Vamos a dormir.

"Murió sin dolor": eso es lo primero que ha dicho Blanca Marsillach, hija del actor Adolfo Marsillach, fallecido ayer, a los 73 años de edad. Entre los ditirambos propios de los obituarios destaca esta frase, aunque se trata de una frase muy oída. Es estupendo que los enfermos no sufran en sus postrimerías, que se les faciliten todos los paliativos posibles para superar sin dolor físico el dolor psíquico de la separación.

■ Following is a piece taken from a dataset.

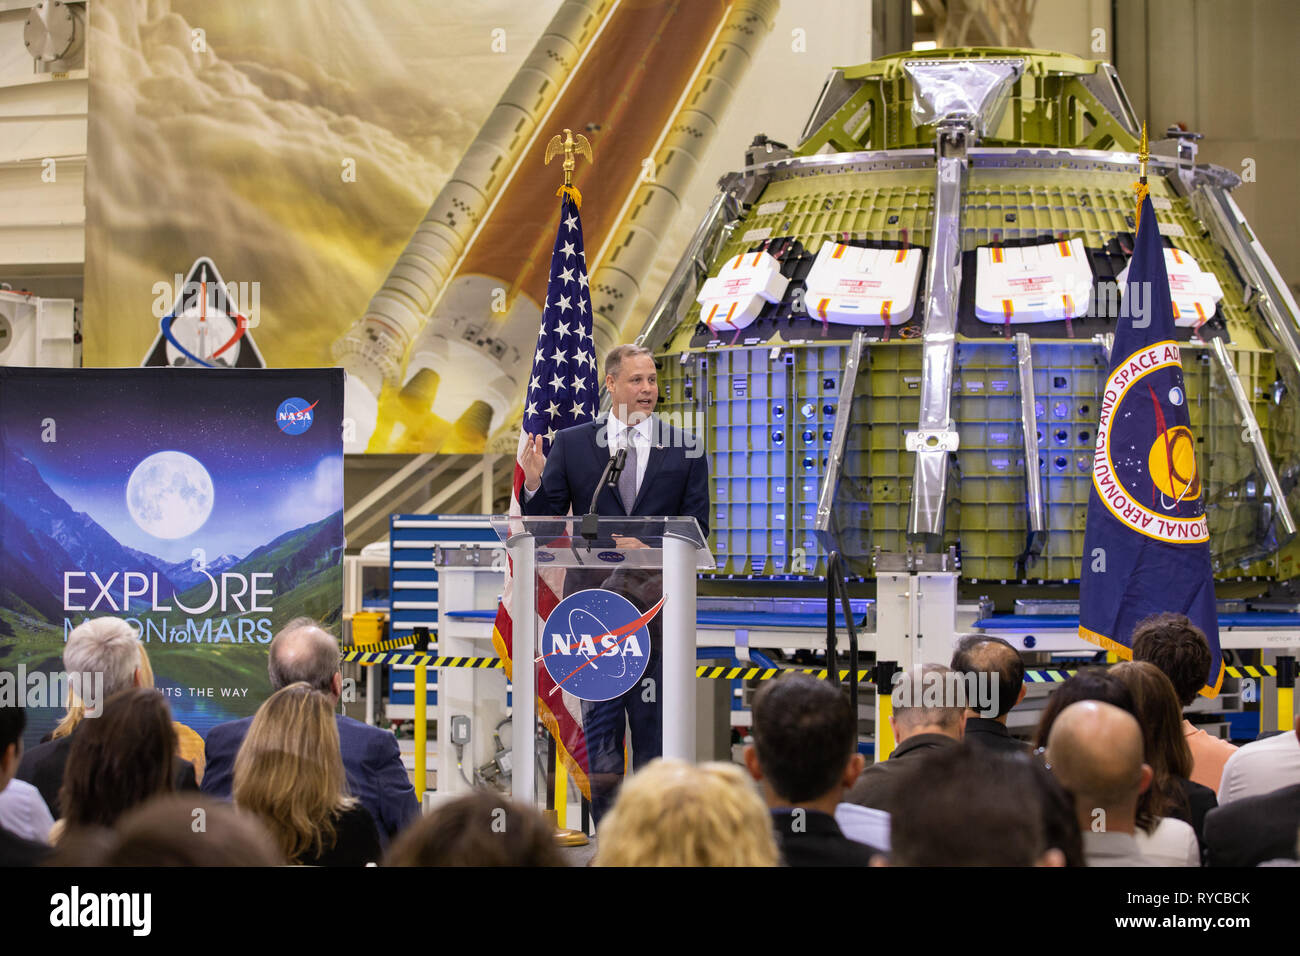 NASA Administrator Jim Bridenstine, standing in front of the new Orion crew capsule, addresses employees on progress toward sending astronauts to the Moon and on to Mars during a televised event at the Kennedy Space Center March 11, 2019 in Cape Canaveral, Florida. Stock Photo
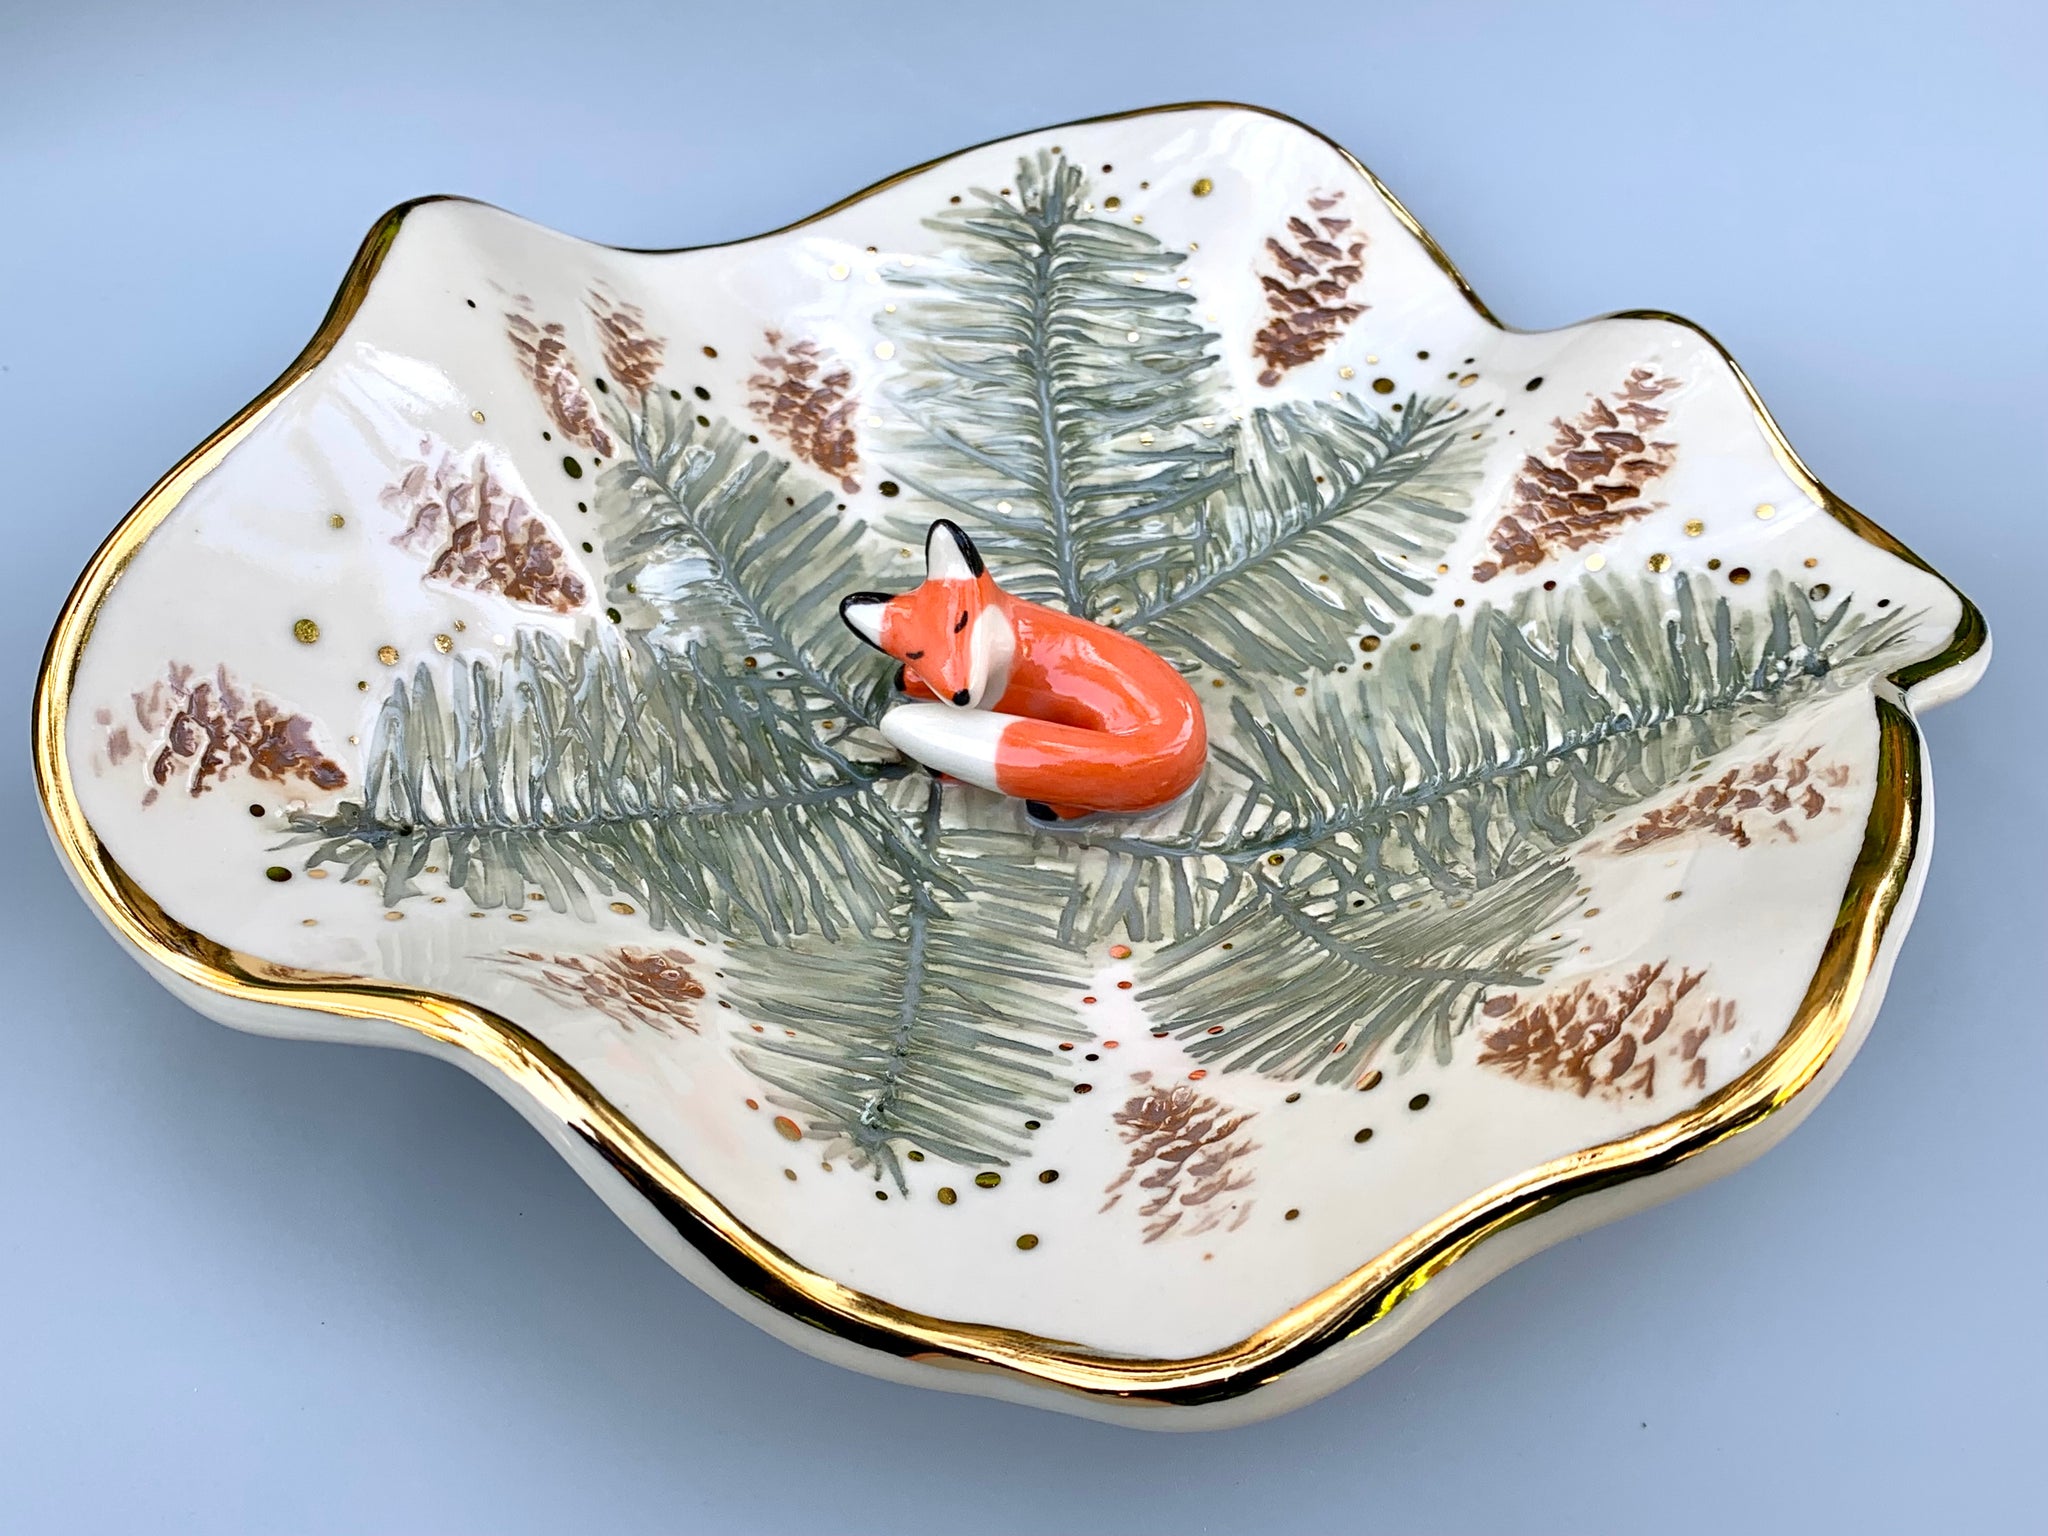 Ex-Large Fox and Evergreen Jewelry Holder, Ceramic Trinket Dish with Gold Accent

Eso sí (y no digo, ni por asomo, que sea el caso de Marsillach), sin que los fármacos te  conviertan en una especie de dormidera inconsciente incapaz de pensar y decidir, al menos mientras no resulte estrictamente necesario.

Además, una cosa es el miedo a la separación de los seres queridos y del mundo que has vivido, y otra cosa la desesperación por el pánico a disgregarse y desaparecer. En otras palabras, que una cosa es el miedo a morir y otra el miedo a la muerte, que es el miedo a la nada.

Mueren nuestros enfermos entre familiares que mienten, amigos que mienten, médicos que mienten y enfermeras que mienten. A los pies del moribundo se escuchan todo tipo de palabras, conceptos y consuelos; todos menos uno: la muerte. Eso es tabú. Naturalmente, el enfermo lo sospecha, pero se trata de evitar que sea consciente de que se va a morir, o de que existe el riesgo cierto de que muera. De esta forma, se le priva de una información vital en el momento más vital.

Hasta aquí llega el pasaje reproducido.